Age, sex, and marital status have never been controlled or isolated in the statistics used by insurers to determine whether there is a causal connection. The insurance industry has attempted to bridge this gap in its knowledge by reliance on myth and stereotype. This does not satisfy the burden of proof.

In addition, L'Heureux-Dubé finds that there was a reasonable alternative means available to the insurer. It set rates for drivers over 25 years of age based on individual accident records and distance driven. There is no evidence to indicate that the same criteria could not be used for rate classification for drivers 25 and under.
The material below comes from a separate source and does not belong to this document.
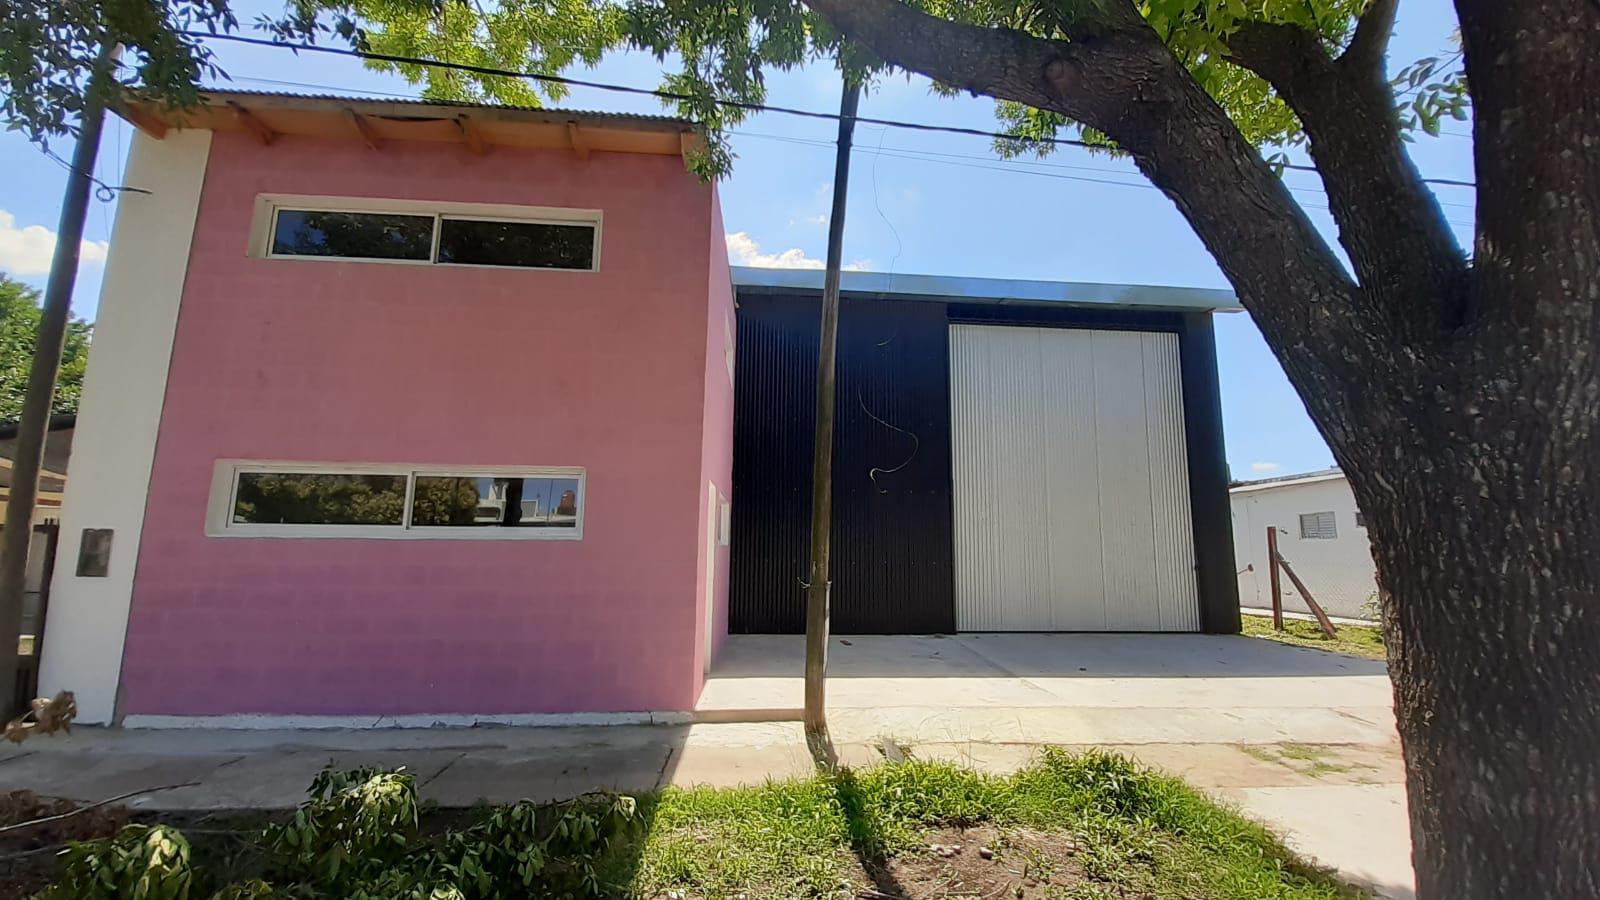 J. R. Armando 1450 - Gaggiotti Inmobiliaria cuenta con más de 50 años desde que se inicio en el negocio de los servicios inmobiliarios.

For these reason, L'Heureux-Dubé finds that Zurich Insurance has not satisfied the requirements of s. 21 of the Ontario Human Rights Code. She would allow the appeal.

In her dissenting judgment Madam Justice McLachlin agrees with the majority regarding the test to be applied, but concurs with L'Heureux-Dubé regarding the result.

She finds that Zurich Insurance has failed to prove that there was no practical alternative to using discriminatory criteria as the basis for rate classification. The fact that Zurich Insurance cannot prove that there is no practical alternative does not mean that there is no practical alternative. It cannot prove that there is no practical alternative because it does not have the statistical data necessary to do so. The absence of evidence of alternatives must not be confused with an absence of alternatives. The insurer bears the burden of showing that no reasonable alternative exists, and through its own failure to collect the required data it has failed to meet the burden. That it does not know if there is a practical alternative is not a defence.

Madam Justice McLachlin finds that Zurich Insurance has not discharged the onus of proof on it. She would allow the appeal.